Но поздно: удивлённая Леся видит, что рамка совершенно пуста, никакой фотографии в ней нет. Только что-то белое. И вдруг она узнает: Господи, да это же под стеклом её собственный платочек, тот самый, которым она перевязала его раненые пальцы! С фиолетовой каймой. Выстиранный, сложенный вдвое!

Нестеренко, привстав на колени, правой рукой вырывает у неё рамку, всё так же держа левую на животе.

А Леся сидит, выпрямившись, и молча смотрит на него. Нестеренко засовывает рамку под подушку, в его глазах, полных стыда, вопрос: видела или не видела, поняла или не поняла?

И видела, и поняла: вот её застывший, поражённый взгляд. Нестеренко снова резко поворачивается к стене и злобно, грубо кричит:

— Прошу вас убраться! Уходите!

Квитка становится на передние лапы и, ощерив мелкие, острые зубы, громко рычит. Нестеренко не останавливает её.

— Идите, а то я натравлю на вас собаку.

Леся медленно поднимается, наклоняется над ним и начинает нежно, тихо ласкать его голову, лоб, плечо. Нестеренко замирает.

Неожиданно сзади слышится визгливый лай. и Квитка с силой прыгает на Лесю. Ухватившись за платье, она злобно рвёт его назад, мотает головой, рычит. Слышен треск разорванной материи.

Леся отшатывается и поворачивается к Квитке. В неё впиваются рассвирепевшие, маленькие, с фосфорическим блеском глазки, а ощерившиеся зубы готовы вот-вот впиться снова.
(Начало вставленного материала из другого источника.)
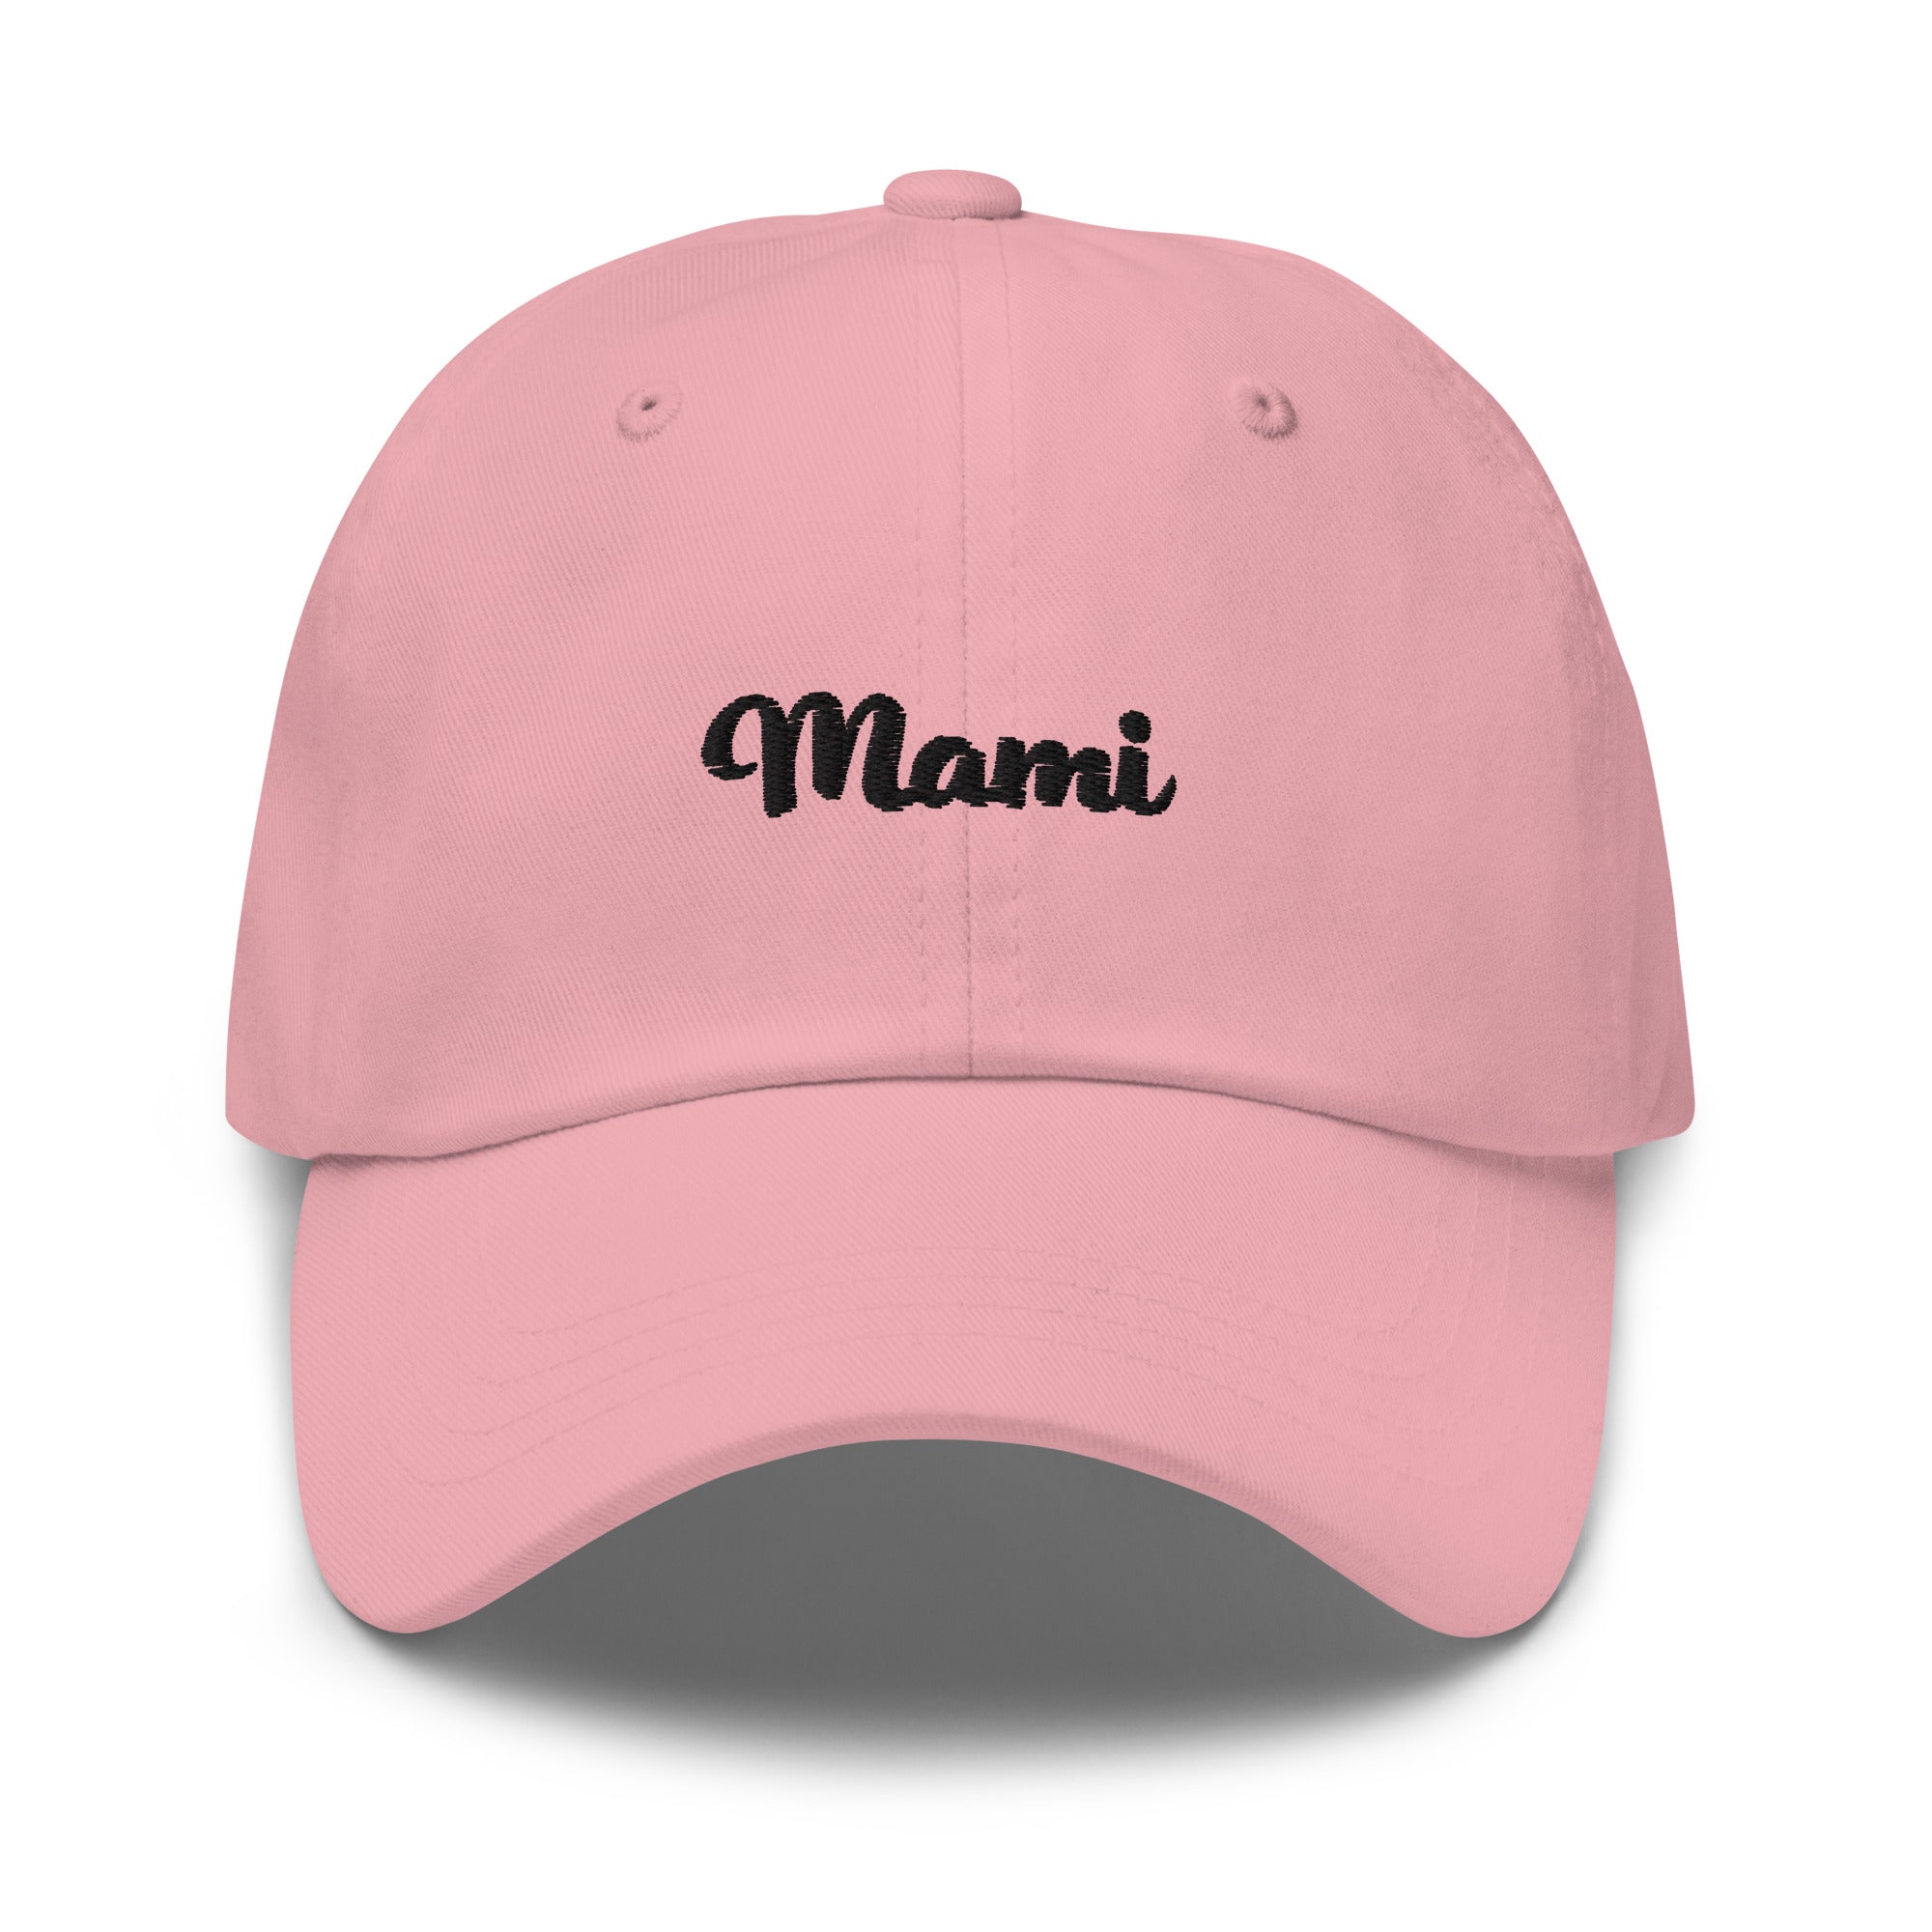 AGAD Summer 24 (Mami) hat

Но позади слышен полный ужаса, сердитый голос:

— Квитка! Тихо! Ляг, проклятая! Прочь! Ах, ты…

Нестеренко вскакивает с постели, но, пошатнувшись, едва не падает. Леся подхватывает его и укладывает назад, на подушку. Квитка испуганно, виновато изгибается, распластавшись, припадает к земле.

— Идиотка паршивая! Убью! Укусила она вас? Укусила?

— Нет, нет, нет, ничуть. Только немного платье. Но вы её не ругайте. Наоборот — она же вас защищала. Вы так на меня кричали, что она верно поняла свой долг…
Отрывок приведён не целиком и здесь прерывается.